7. In view of the above and for the reasons stated hereinabove, the impugned common judgment and order dated July 25, 2013 passed by the learned Tribunal in Second Appeal Nos. 500 of 2010 and 501 of 2010 as well as the order passed by the first authority cancelling the registration certificate of the appellant ab initio and even the order passed by the first appellate authority are hereby quashed and set aside and the matter is remanded to the first authority, i.e., Deputy Commissioner of Commercial Tax to pass appropriate order in accordance with law and on merits and after giving an opportunity of hearing to the appellant. As agreed, the order passed by the first authority cancelling the registration certificate ab initio and the order passed by the first appellate authority be considered as show-cause notice calling upon the appellant to show cause why the registration certificate of the appellant may not be cancelled ab initio in exercise of powers under section 27 of the Act.
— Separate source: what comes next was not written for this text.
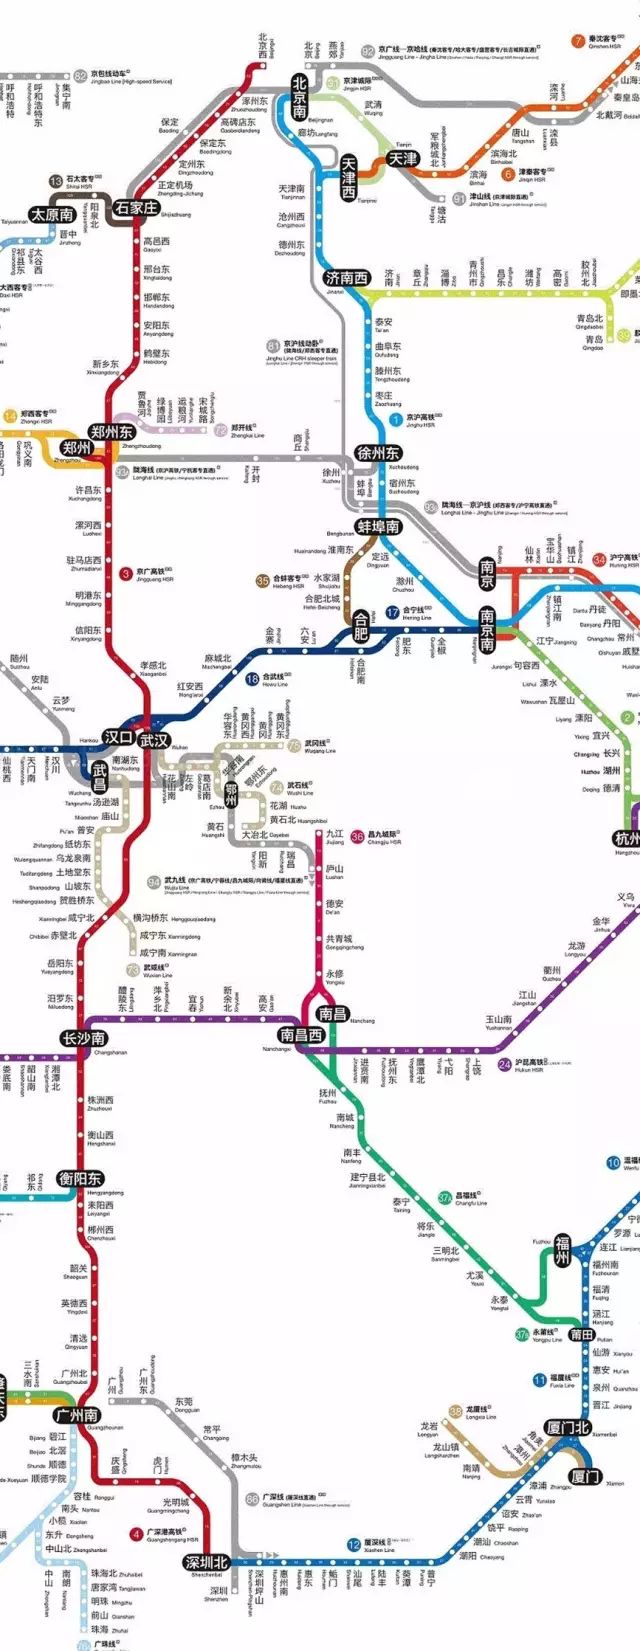 郑州 点击可看大图 5 思考之旅 如果你想火车上思考一下未来和人生 就
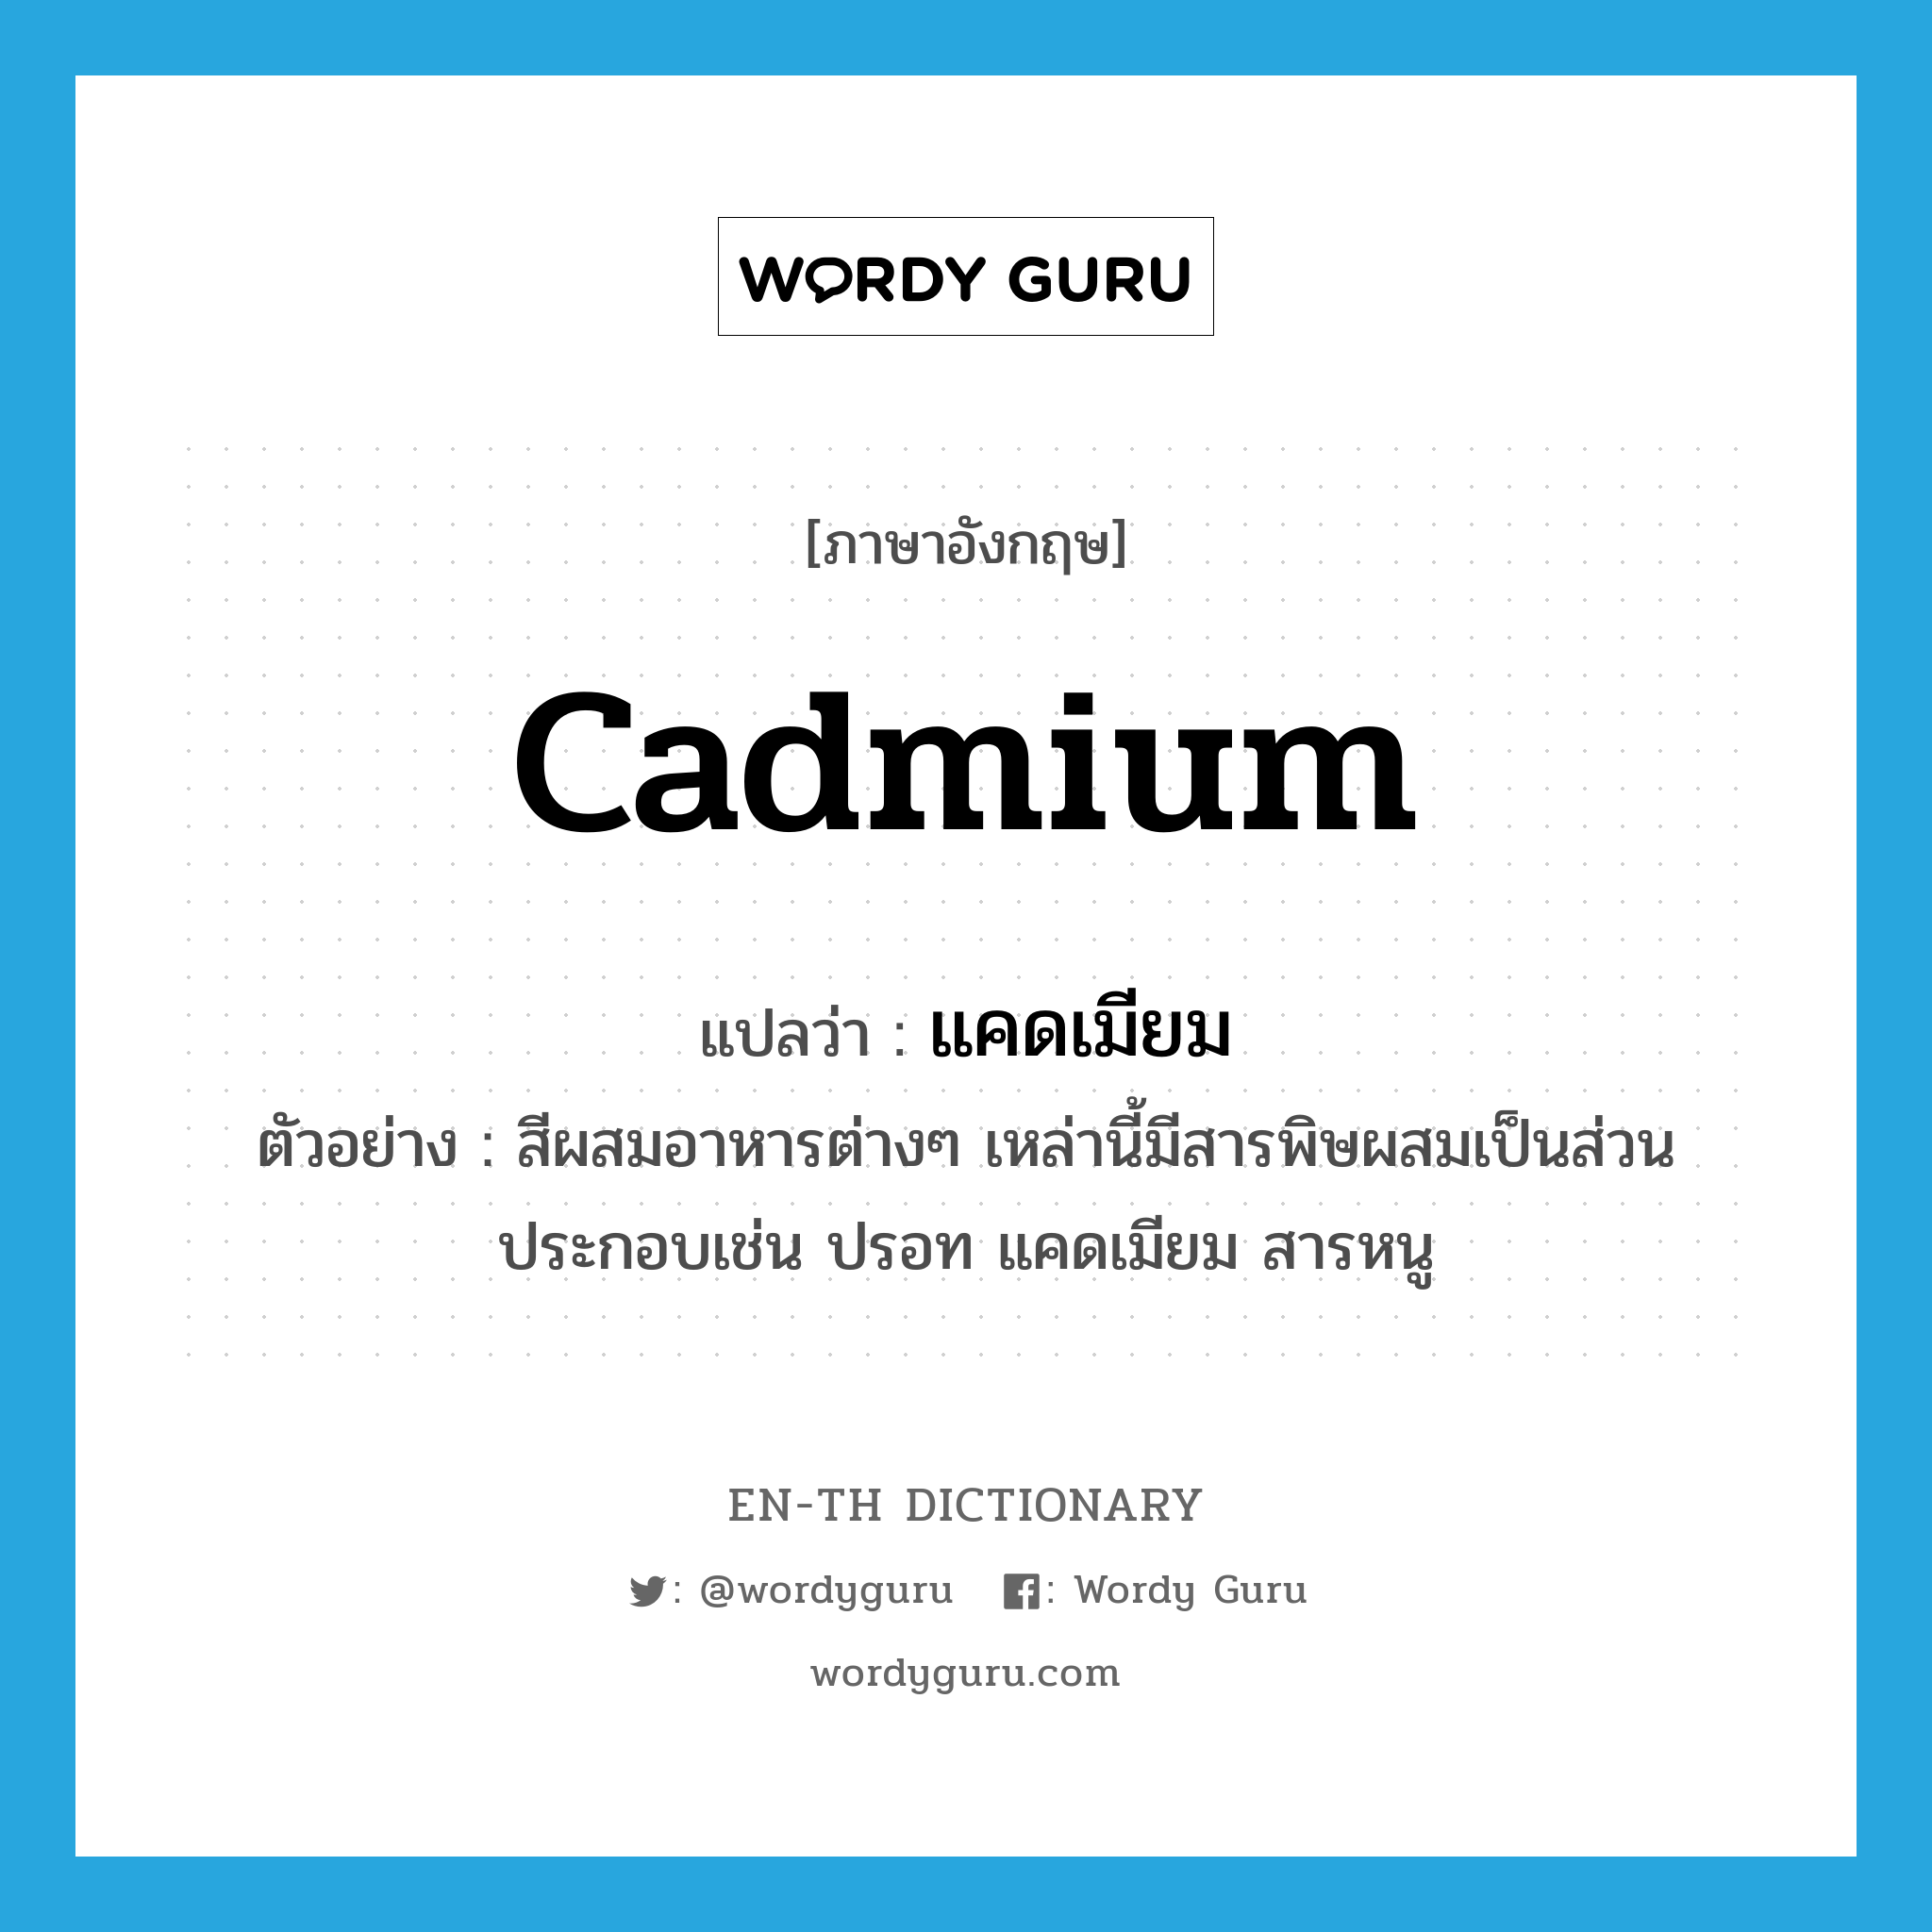 แคดเมียม ภาษาอังกฤษ?, คำศัพท์ภาษาอังกฤษ แคดเมียม แปลว่า cadmium ประเภท N ตัวอย่าง สีผสมอาหารต่างๆ เหล่านี้มีสารพิษผสมเป็นส่วนประกอบเช่น ปรอท แคดเมียม สารหนู หมวด N

Now, the appellant to reply to the aforesaid show-cause notice before appropriate authority within a period of four weeks from today and thereafter, the appropriate authority to pass an appropriate order in accordance with law and on merits under section 27(5) of the Act after giving an opportunity to the appellant and in light of the observations made hereinabove. The aforesaid exercise shall be completed within a period of three months from the date of submitting the reply to the show-cause notice as observed hereinabove. 8. With this, the present tax appeals are allowed to the aforesaid extent. In view of disposal of the tax appeals, no order in the civil applications and are disposed of accordingly.